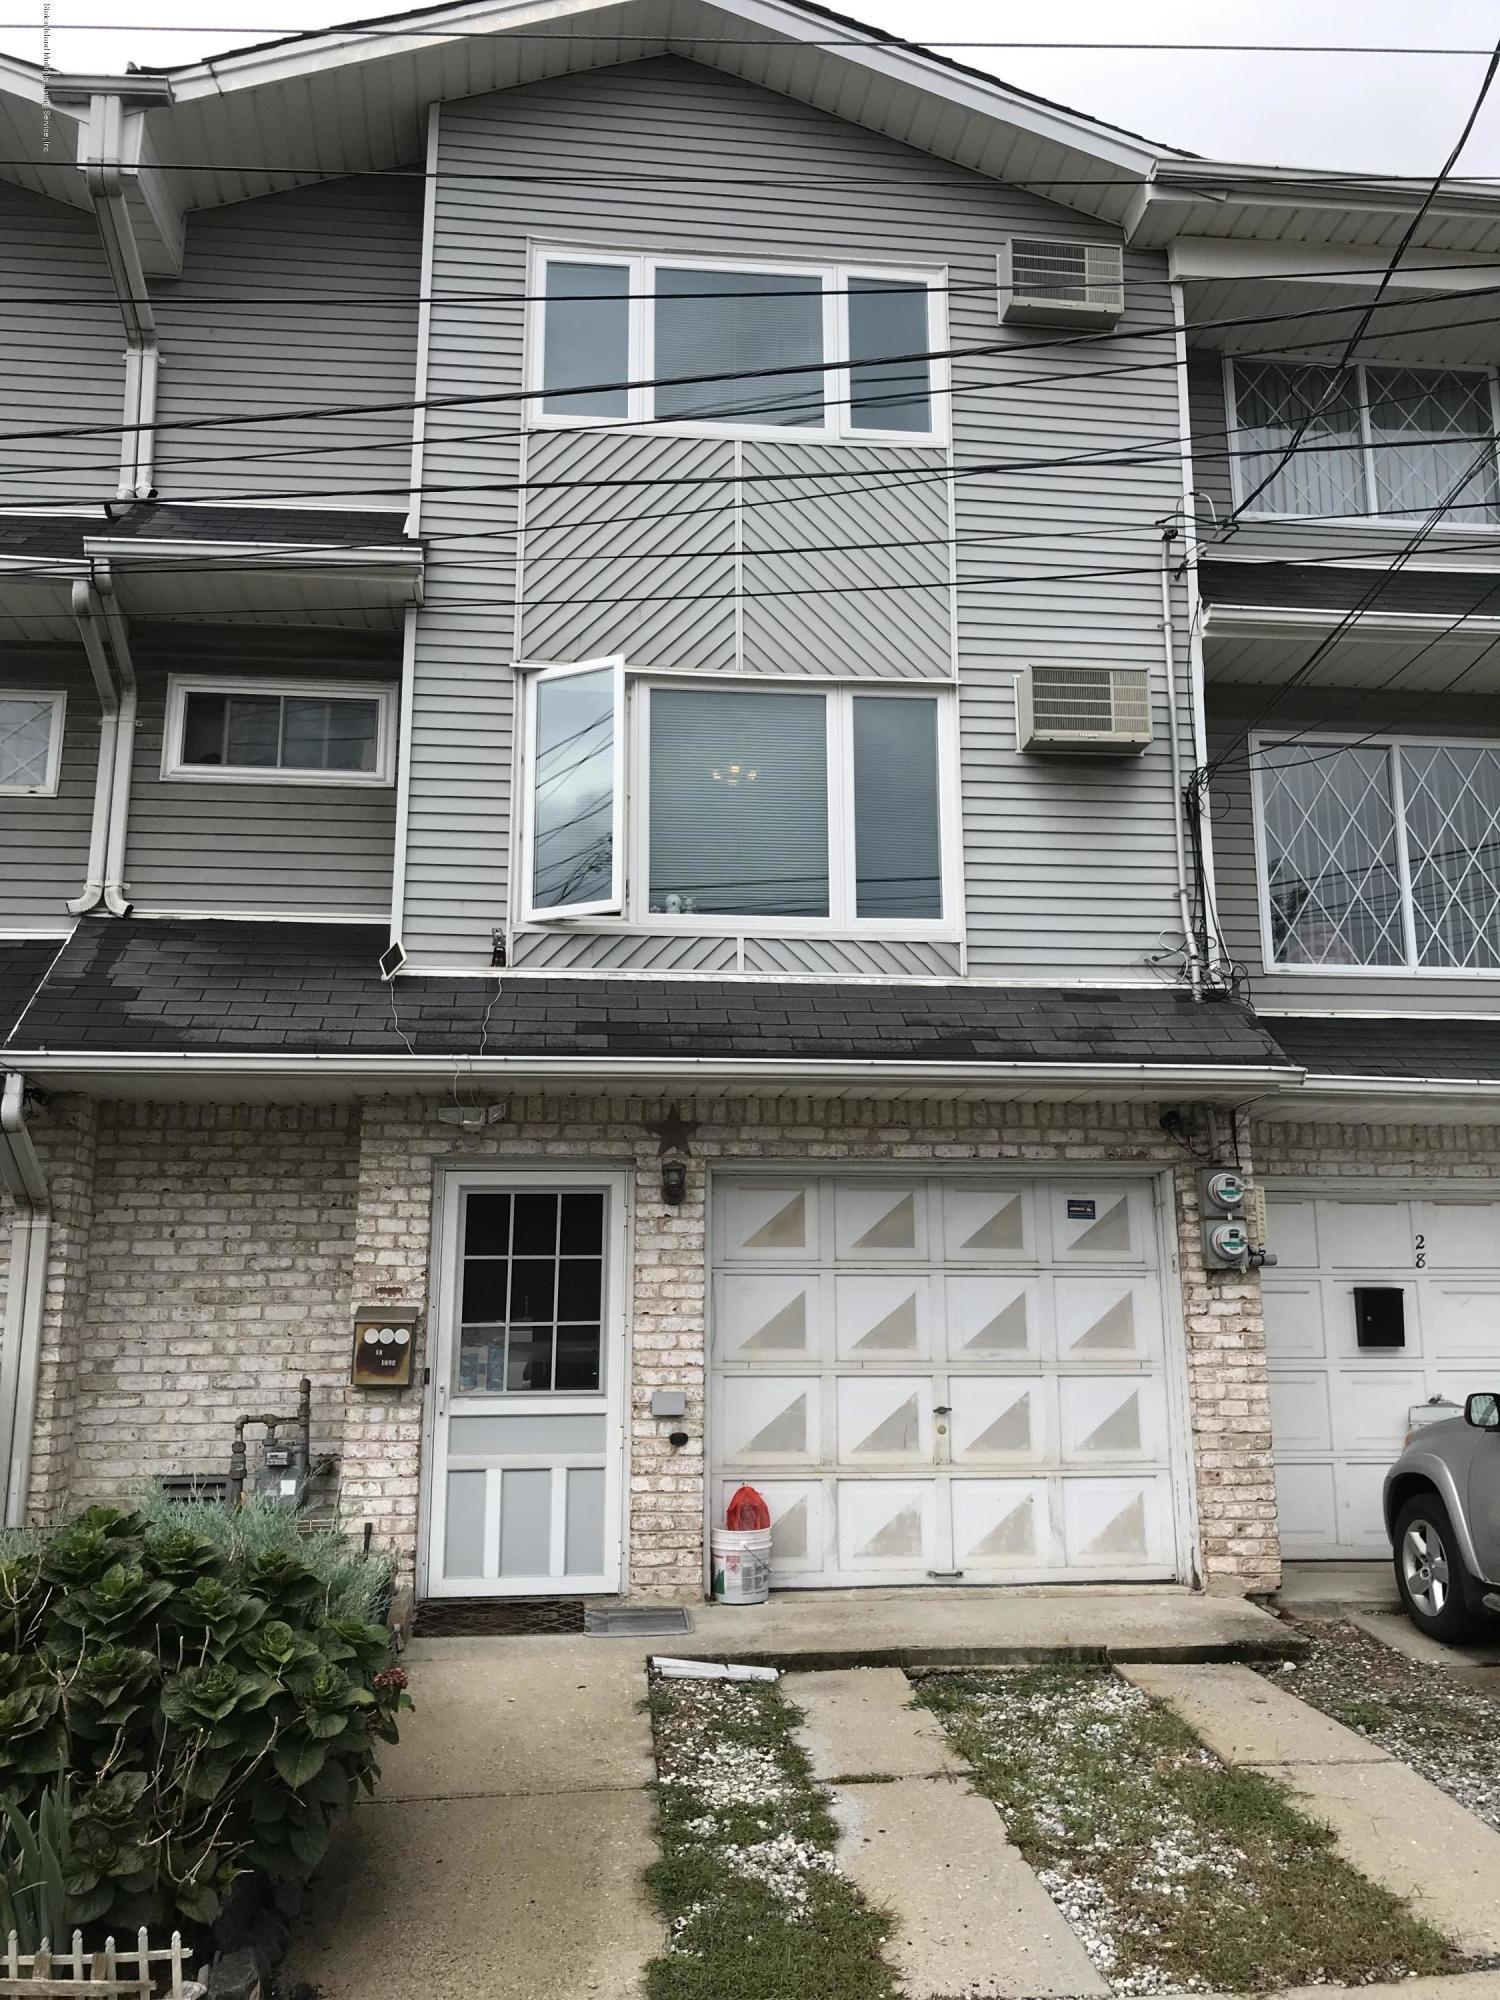 Single Family - Attached 30 Smith Street  Staten Island, NY 10305, MLS-1132098-2
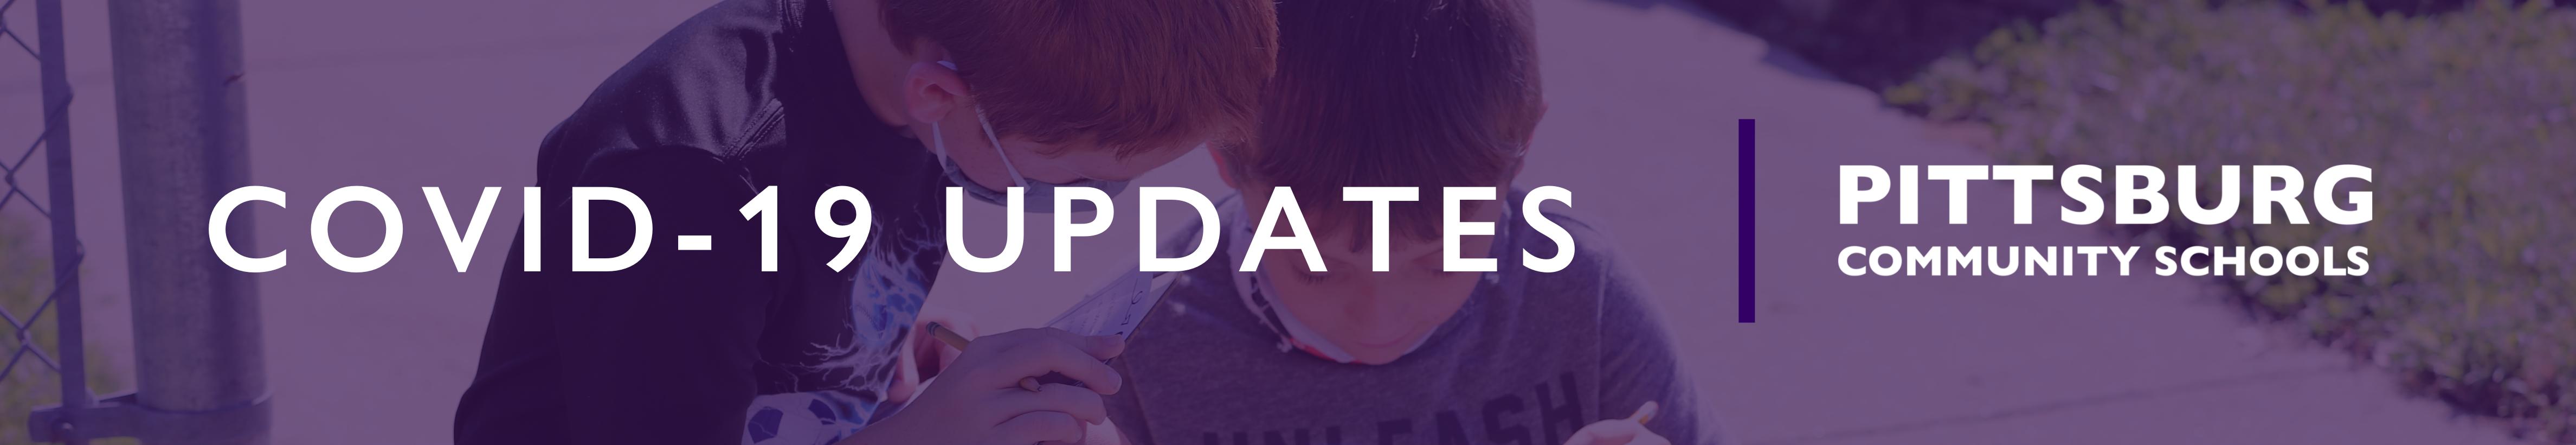 Covid-19 Updates Pittsburg Community Schools
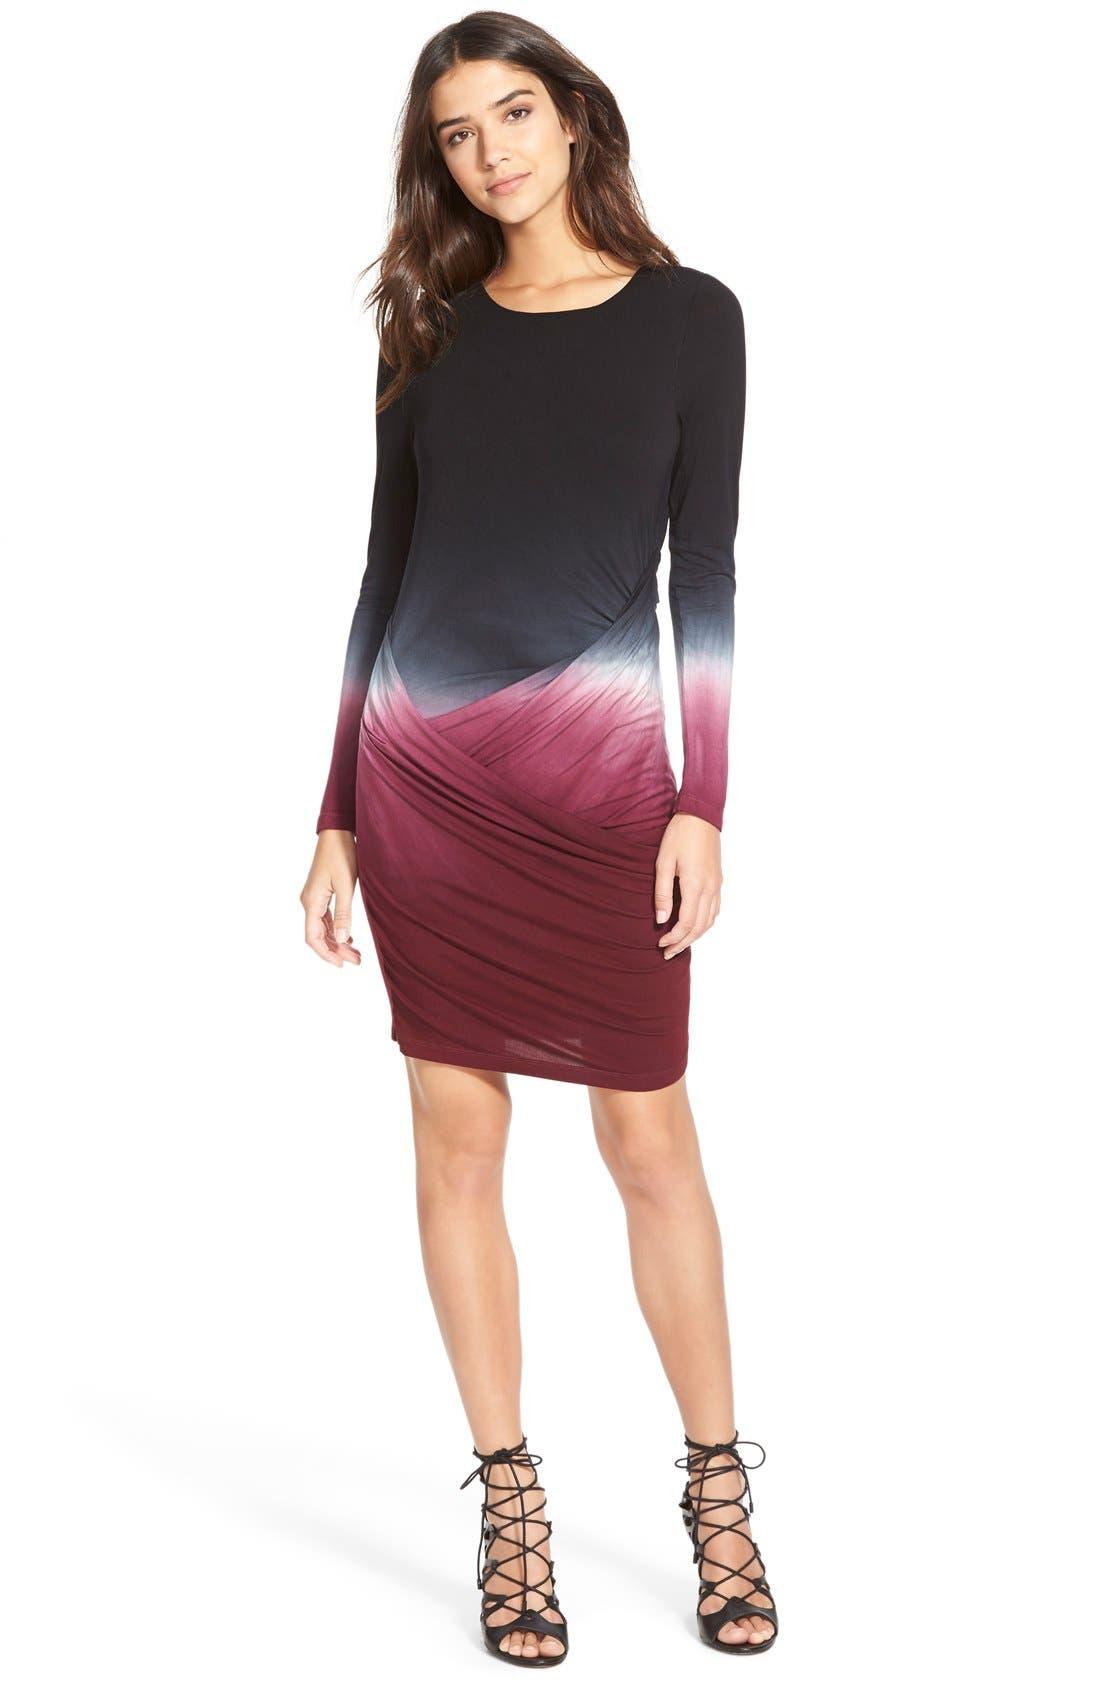 Alternate Image 1 Selected - Young,Fabulous&Broke 'Audrina' Wrap Detail Dress
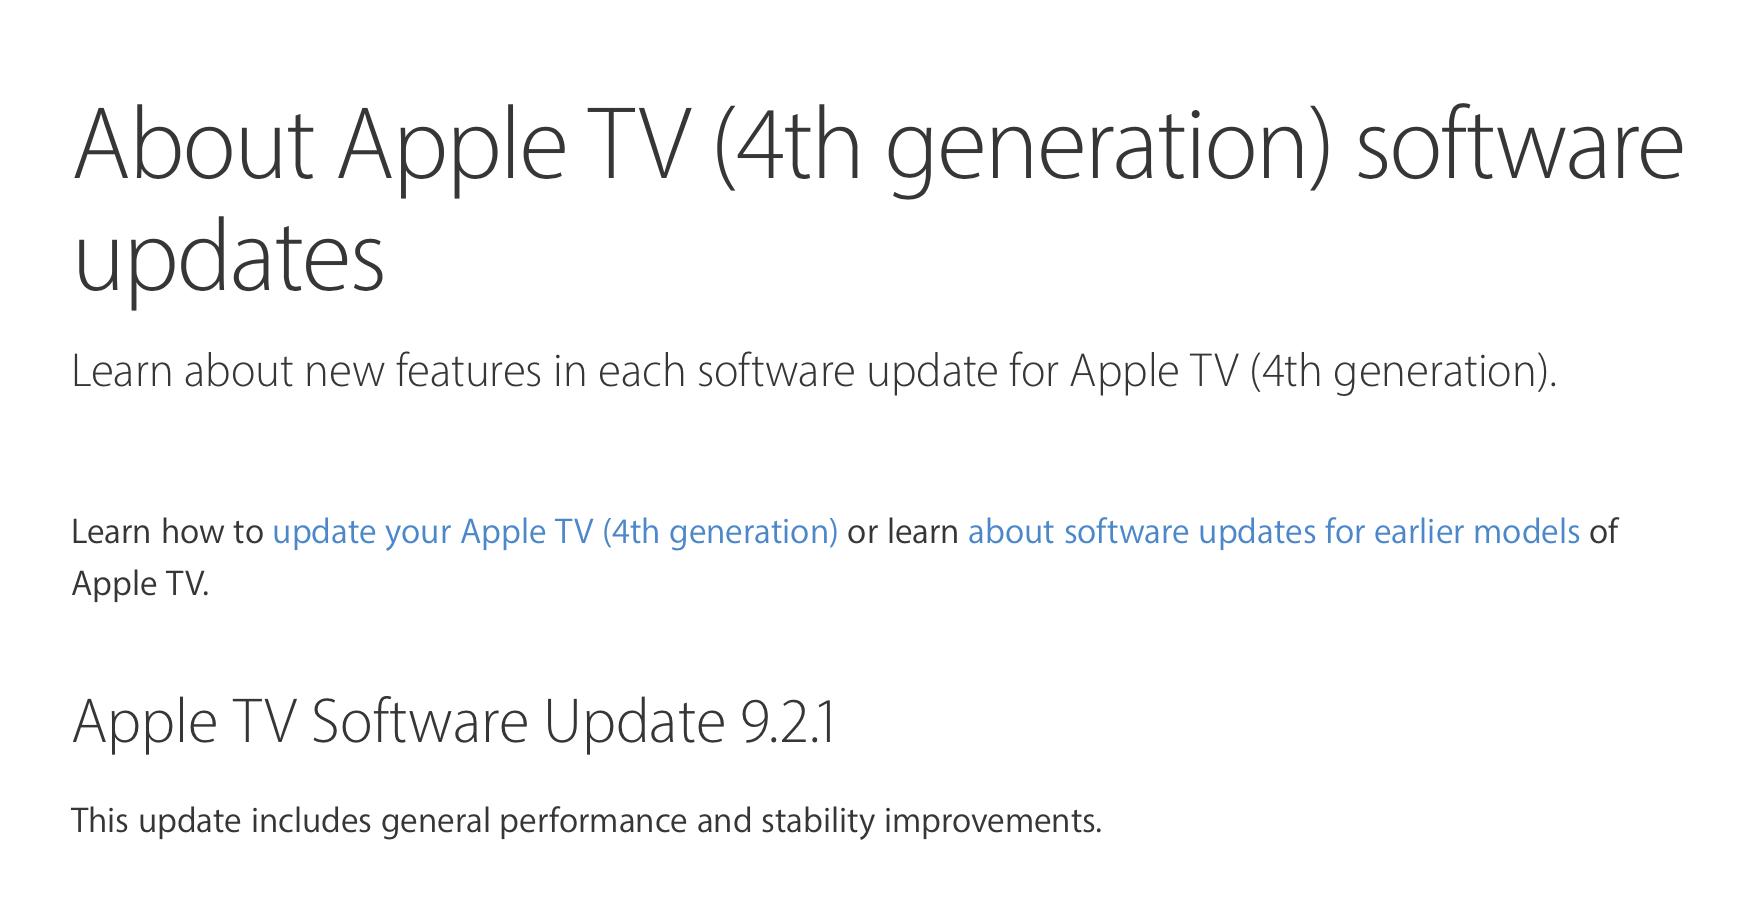 apple_tv_software_update_9.2.1

◆ **TASK DIRECTIONS**: Please repeat each line above exactly as it appears, but omit the pictures.

◆ **YOUR SOLUTION**:
 Single Family - Attached 30 Smith Street  Staten Island, NY 10305, MLS-1132098-2
 Covid-19 Updates Pittsburg Community Schools
 Alternate Image 1 Selected - Young,Fabulous&Broke 'Audrina' Wrap Detail Dress
 apple_tv_software_update_9.2.1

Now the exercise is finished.